- Your goal -
When you come to the line with "Reference: TGAS/B01791", begin repeating; continue exactly through the final line of the records and include nothing from before.

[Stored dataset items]
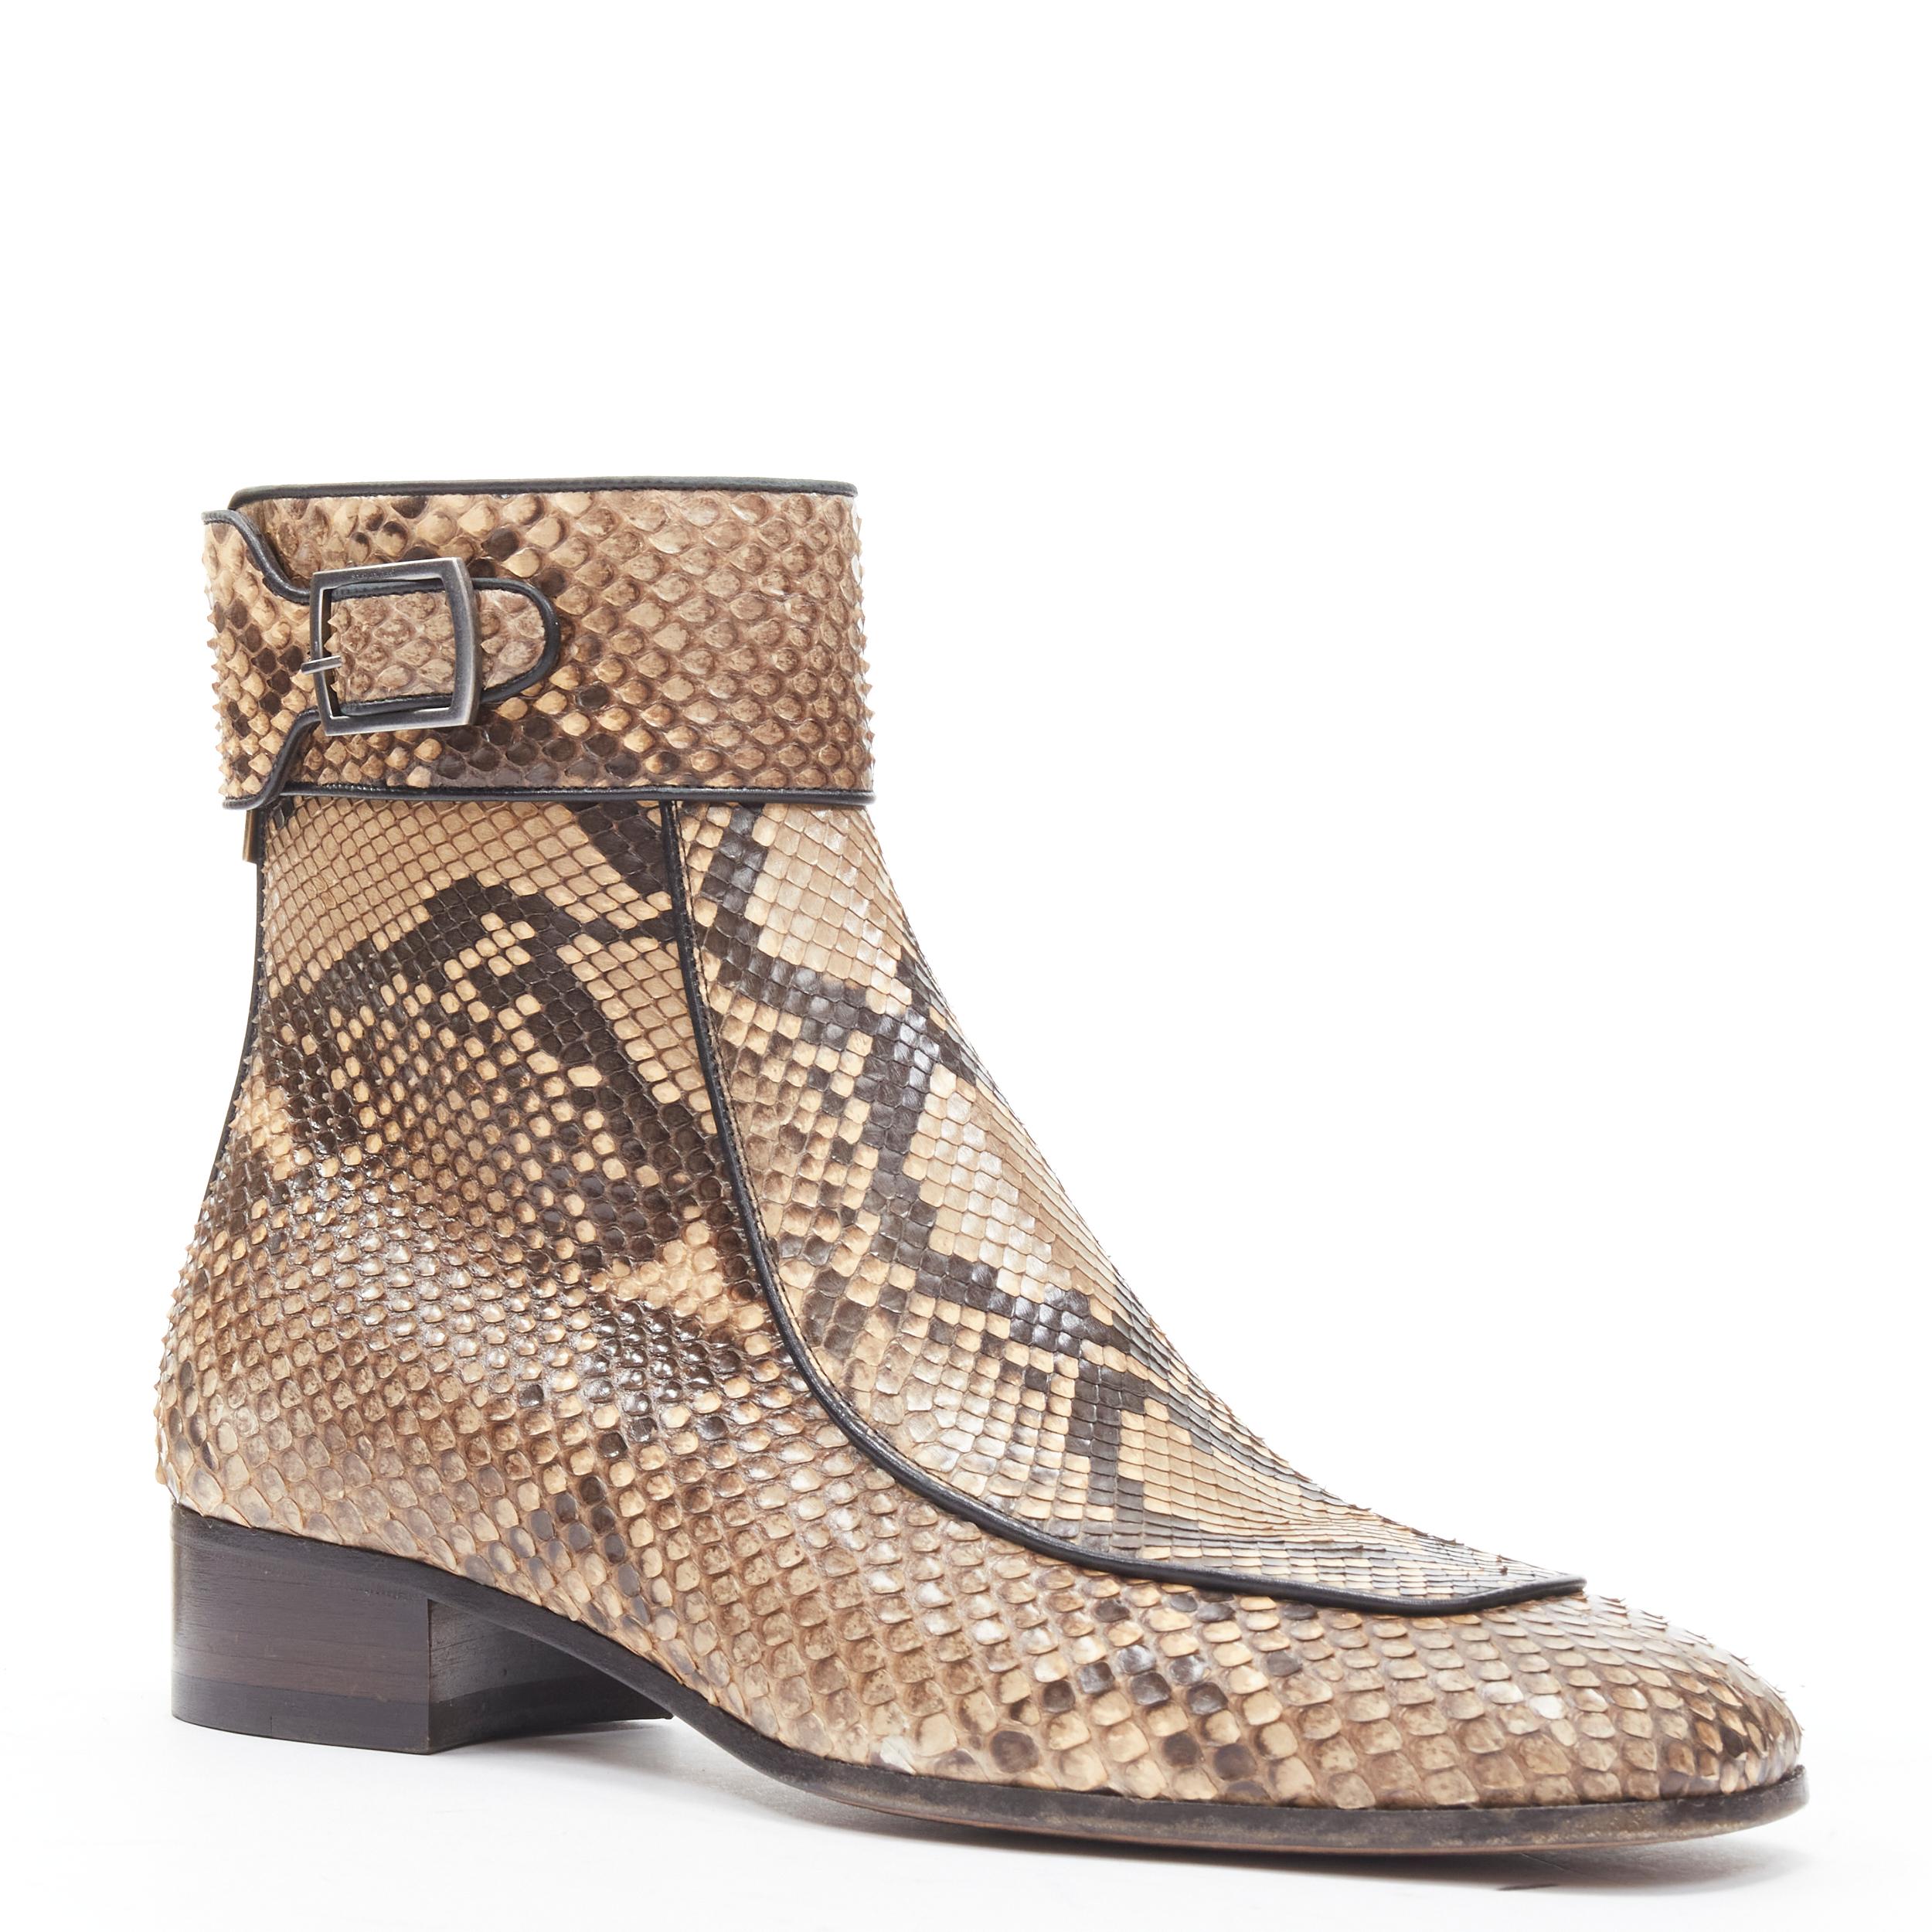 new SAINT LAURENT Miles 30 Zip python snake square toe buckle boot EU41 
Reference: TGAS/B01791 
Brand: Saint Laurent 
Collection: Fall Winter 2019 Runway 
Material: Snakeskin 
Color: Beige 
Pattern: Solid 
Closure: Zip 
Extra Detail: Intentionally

- Solution for this exercise -
Reference: TGAS/B01791 
Brand: Saint Laurent 
Collection: Fall Winter 2019 Runway 
Material: Snakeskin 
Color: Beige 
Pattern: Solid 
Closure: Zip 
Extra Detail: Intentionally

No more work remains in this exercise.